We estimate the fair values of our reporting units using a discounted cash flow method which includes assumptions about a wide variety of internal and external factors. Significant assumptions used in the discounted cash flow method include financial projections of free cash flow, including revenue trends, medical costs trends, operating productivity, income taxes and capital levels; long-term growth rates for determining terminal value beyond the discretely forecasted periods; and discount rates. For each reporting unit, comparative market multiples are used to corroborate the results of our discounted cash flow test.
Financial projections and long-term growth rates used for our reporting units are consistent with, and use inputs from, our internal long-term business plan and strategies. Discount rates are determined for each reporting unit and include consideration of the implied risk inherent in their forecasts. Our most significant estimate in the discount rate determinations involves our adjustments to the peer company weighted average costs of capital reflecting reporting unit-specific factors. We have not made any adjustments to decrease a discount rate below the calculated peer company weighted average cost of capital for any reporting unit. Reporting unit-specific adjustments to discount rates are subjective and thus are difficult to measure with certainty. The passage of time and the availability of additional information regarding areas of uncertainty with respect to the reporting units’ operations could cause these assumptions to change in the future. Additionally, as part of our quantitative impairment testing, we perform various sensitivity analyses on certain key assumptions, such as discount rates and cash flow projections to analyze the potential for a material impact. As of October 1, 2025, we completed our annual impairment tests for goodwill with all of our reporting units having fair values substantially in excess of their carrying values.
LEGAL MATTERS
A description of our legal proceedings is presented in Note 12 of Notes to the Consolidated Financial Statements included in Part II, Item 8, “Financial Statements and Supplementary Data.”

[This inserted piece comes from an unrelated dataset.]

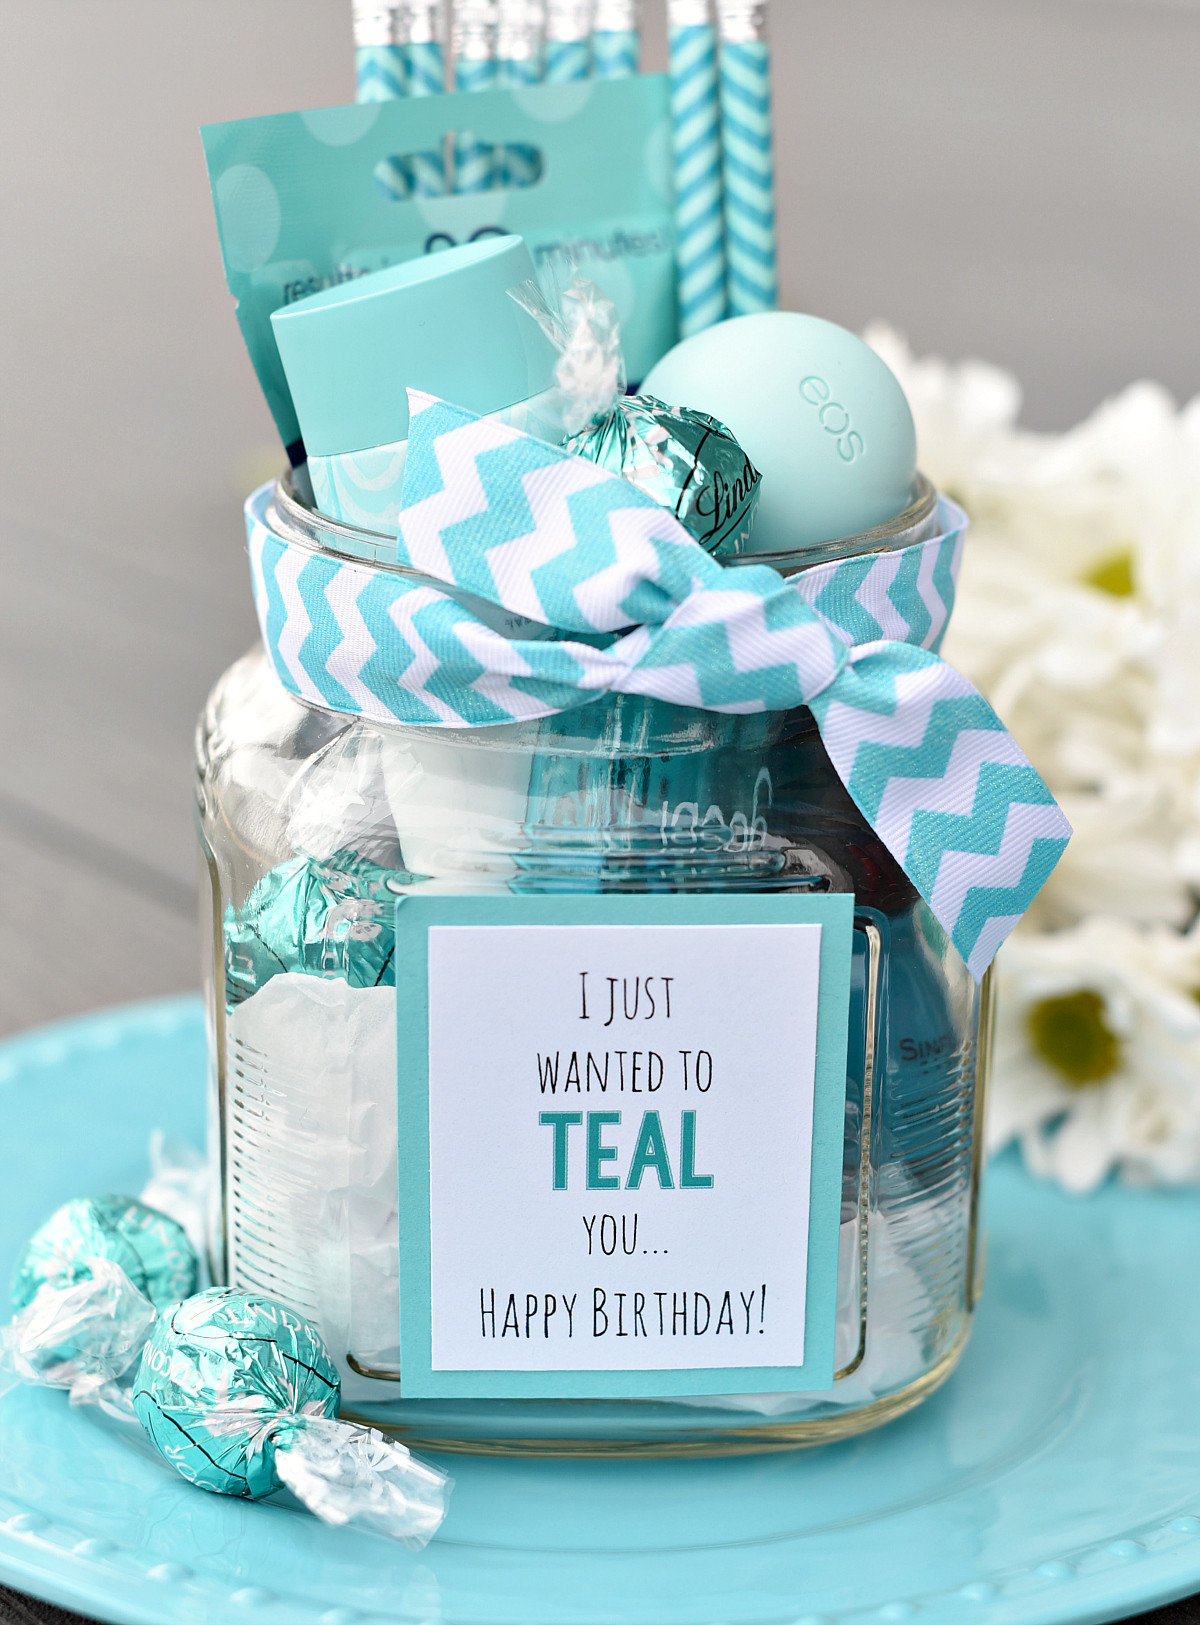 Fun Birthday Gifts For Her
 Teal Birthday Gift Idea for Friends – Fun Squared

CONCENTRATIONS OF CREDIT RISK
Investments in financial instruments such as marketable securities and accounts receivable may subject us to concentrations of credit risk. Our investments in marketable securities are managed under an investment policy authorized by the Audit & Finance Committee of the Board of Directors. The investment policy establishes defined limits on credit quality, security selection, and permissible asset classes to ensure a disciplined and risk-appropriate investment approach. Concentrations of credit risk with respect to accounts receivable are limited due to the large number of employer groups and other customers constituting our client base. As of December 31, 2025, there were no significant concentrations of credit risk.